WHAT THIS TASK INVOLVES: Find the line containing "Chimi® Square Sunglasses: #005" in the entries below. Restate it and each line after it, word for word, up to and including the line containing "Как сгенерировать Word".

-------- DATASET ENTRIES --------

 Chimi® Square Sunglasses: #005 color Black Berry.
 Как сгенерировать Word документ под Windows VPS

--------
-------- DATASET ENTRIES --------

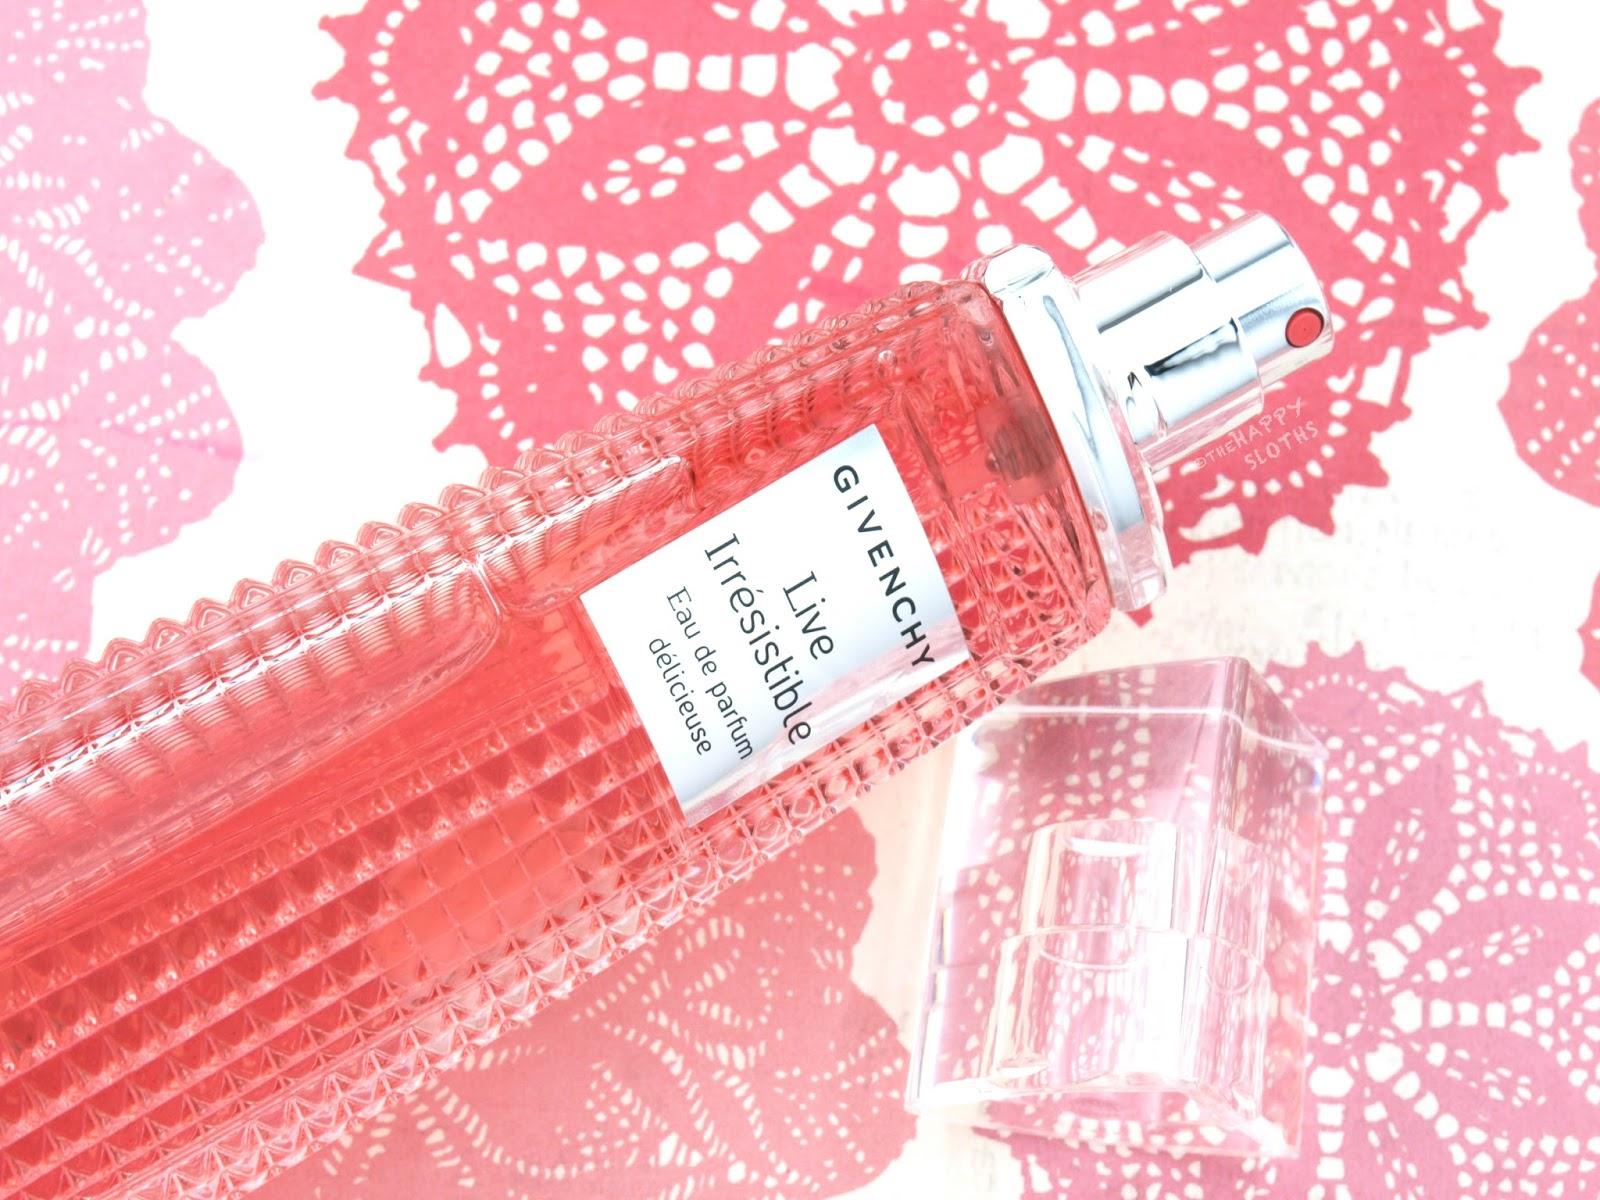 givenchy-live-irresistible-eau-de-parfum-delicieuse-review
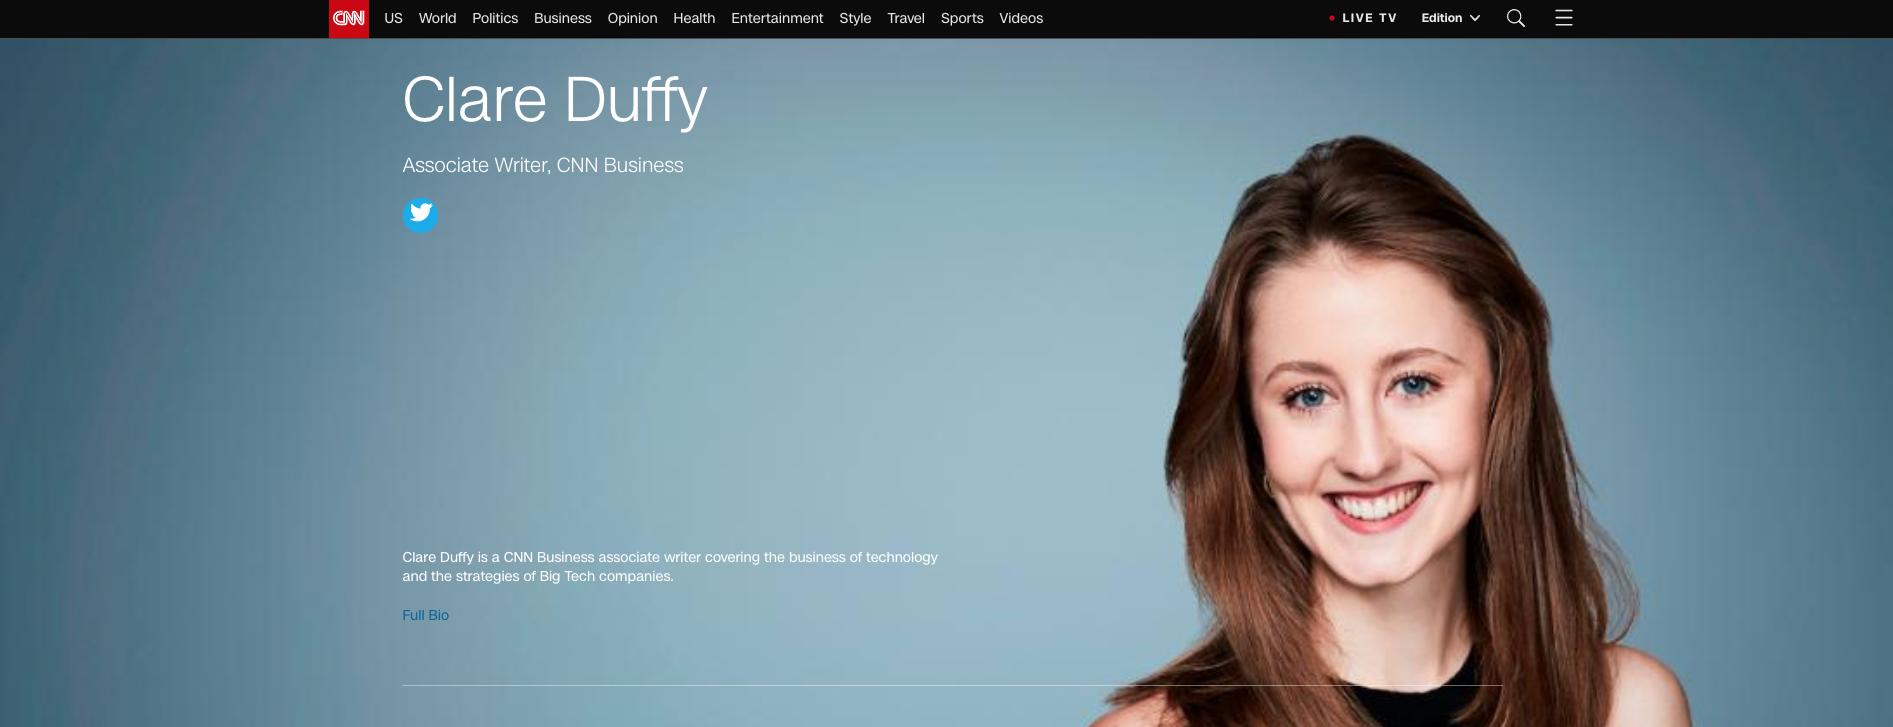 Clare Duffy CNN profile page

--------

TASK RESULT:
 Chimi® Square Sunglasses: #005 color Black Berry.
 Как сгенерировать Word документ под Windows VPS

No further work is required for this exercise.